In the second embodiment, the data indicating a travel history is transmitted from the vehicle VC1 at the same time as the process of S54 in the section (a) of FIG. 6. In this case, the data indicating a travel history simply needs to be received by the CPU 112 at the same time as the process of S64 in the section (b) of FIG. 6, and the process of S82 simply needs to be executed after S64.

Further, the vehicle VC1 may transmit the relationship defining data DR of the vehicle VC1 at the same time as transmitting the data indicating the travel history in S70 of the section (a) in FIG. 6. In this case, the data analysis center 110 receives the relationship defining data DR of the vehicle VC1 in S80 of the section (b) in FIG. 6 and stores the relationship defining data DR of the vehicle VC1 in S82. Additionally, the data analysis center 110 may omit the process of S86 and select the data stored in the memory device 116 in the process of S84.

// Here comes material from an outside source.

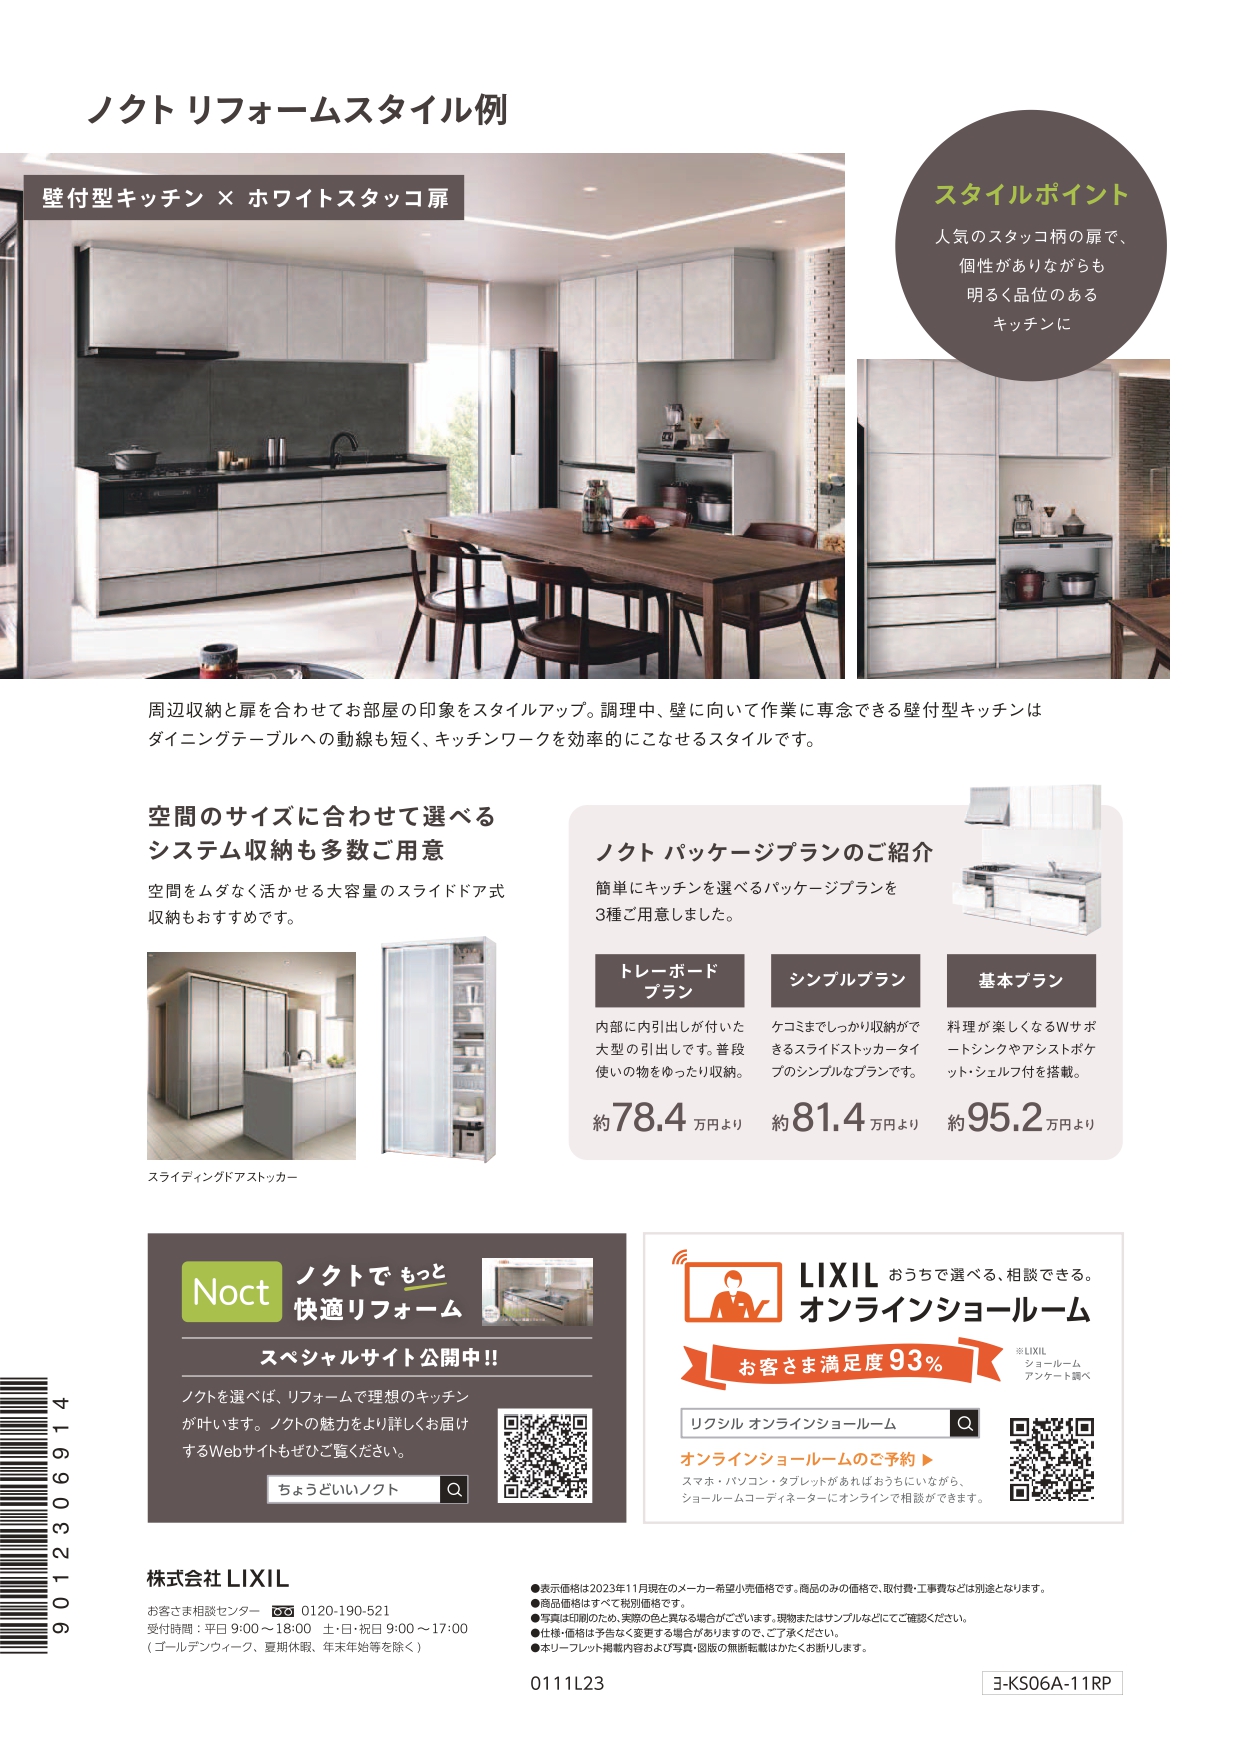 キッチンの快適リフォーム NCCトーヨー住器 諏訪店のブログ 写真2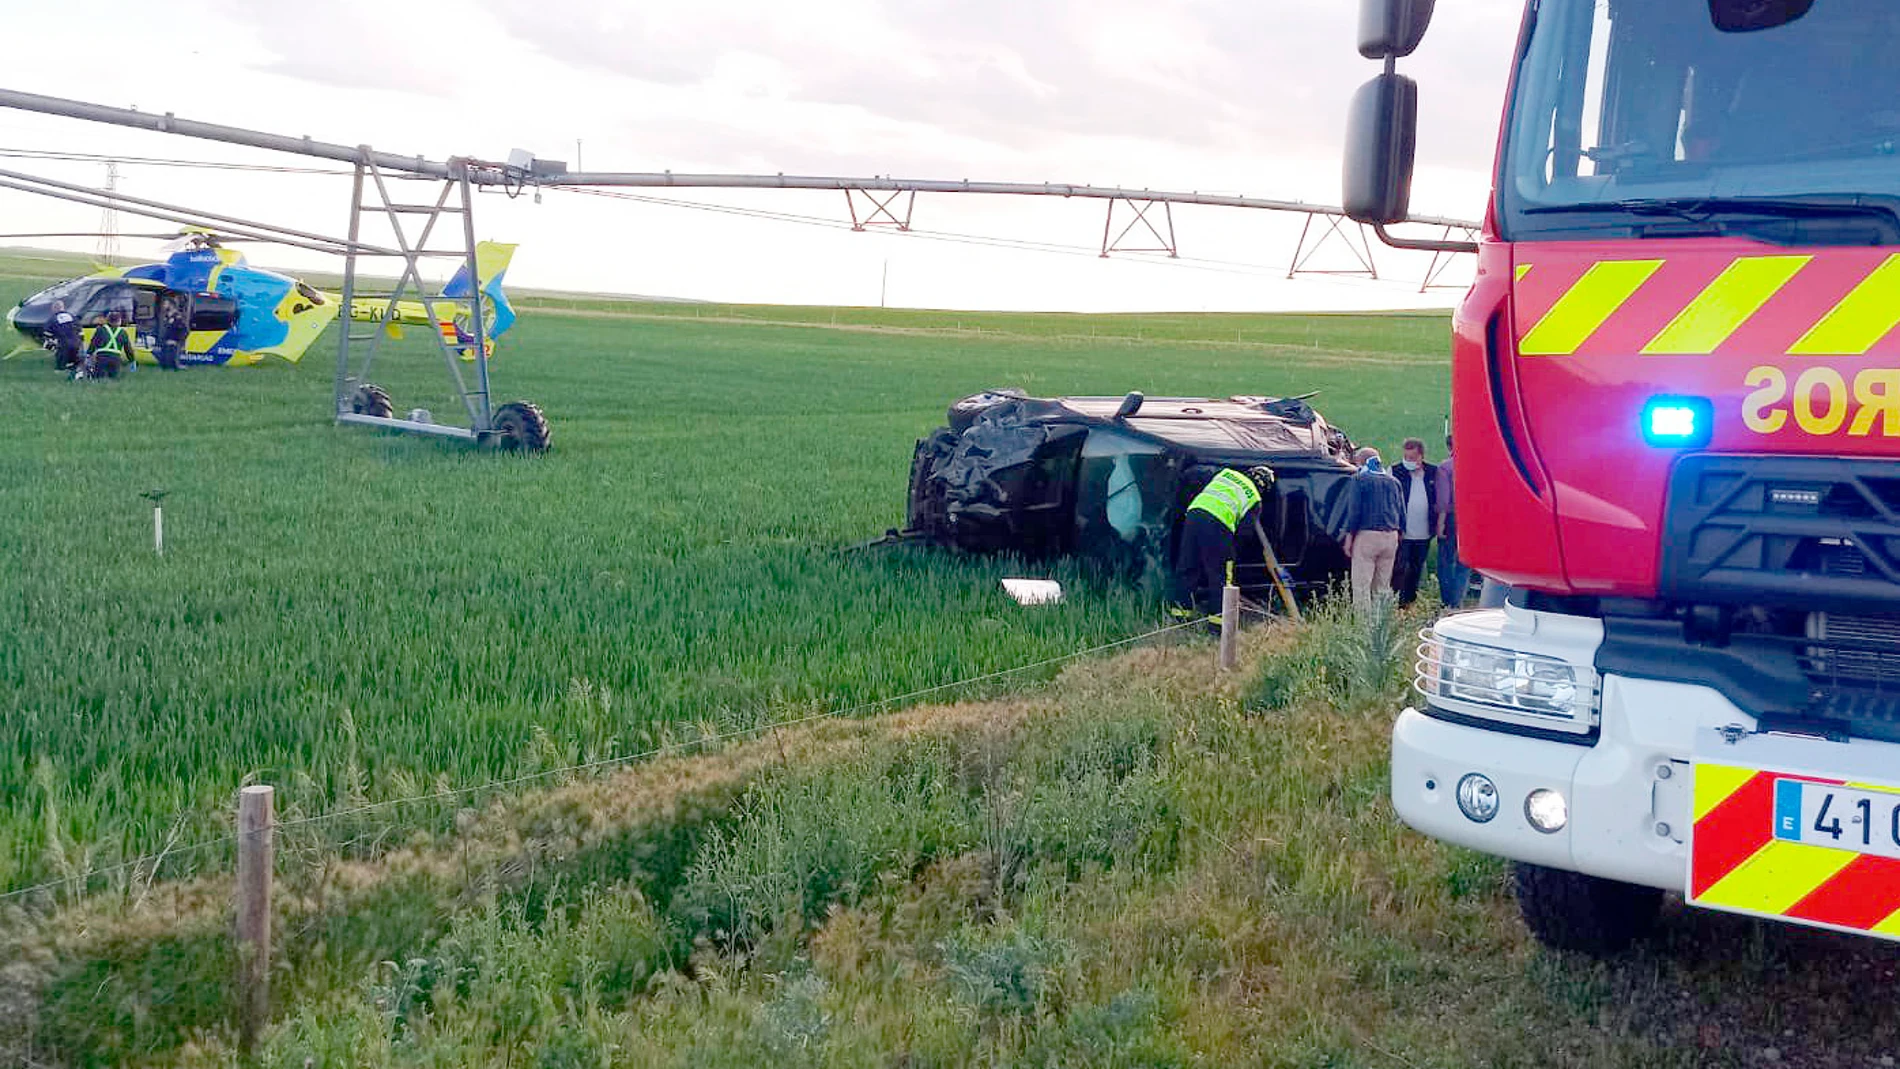 Accidente de tráfico al volcar un turismo en la A-11, en el que cinco personas resultaron heridas, en Villalar de los Comuneros (Valladolid)

Various changes in form and details may be made to the examples above without departing from the spirit and scope of the claims and their equivalents. The examples are for the sake of description only, and not for purposes of limitation. Descriptions of features in each example are to be considered as being applicable to similar features or aspects in other examples. Suitable results may be achieved if sequences are performed in a different order, and/or if components in a described system, architecture, device, or circuit are combined differently, and/or replaced or supplemented by other components or their equivalents. The scope of the disclosure is not defined by the detailed description, but by the claims and their equivalents. All variations within the scope of the claims and their equivalents are included in the disclosure.

Claims

1. A vehicle controller, comprising an in-vehicle controller that includes an internal memory device and an internal execution device, wherein

the internal memory device is configured to store learning data used to control an electronic device installed in a vehicle, and
the internal execution device is configured to execute: an obtaining process that obtains a detection value of a sensor that detects a state of the vehicle; an update process that updates the learning data through learning with traveling of the vehicle and causes the internal memory device to store the updated learning data; an operation process that operates the electronic device based on the detection value obtained by the obtaining process and based on a value of a variable that is related to an operation of the electronic device in the vehicle and is defined by the learning data; a detecting process that detects that the learning data stored in the internal memory device has been reset due to occurrence of an anomaly in the vehicle; a transmitting process that transmits, to an outside of the vehicle, a request signal that requests for previously-learned learning data, where learning is performed from an initial state of the learning data, when the detecting process detects that the learning data has been reset; a receiving process that receives, from the outside of the vehicle, the previously-learned learning data corresponding to the request signal; and a switching process that causes the internal memory device to store the previously-learned learning data received by the receiving process instead of the reset learning data.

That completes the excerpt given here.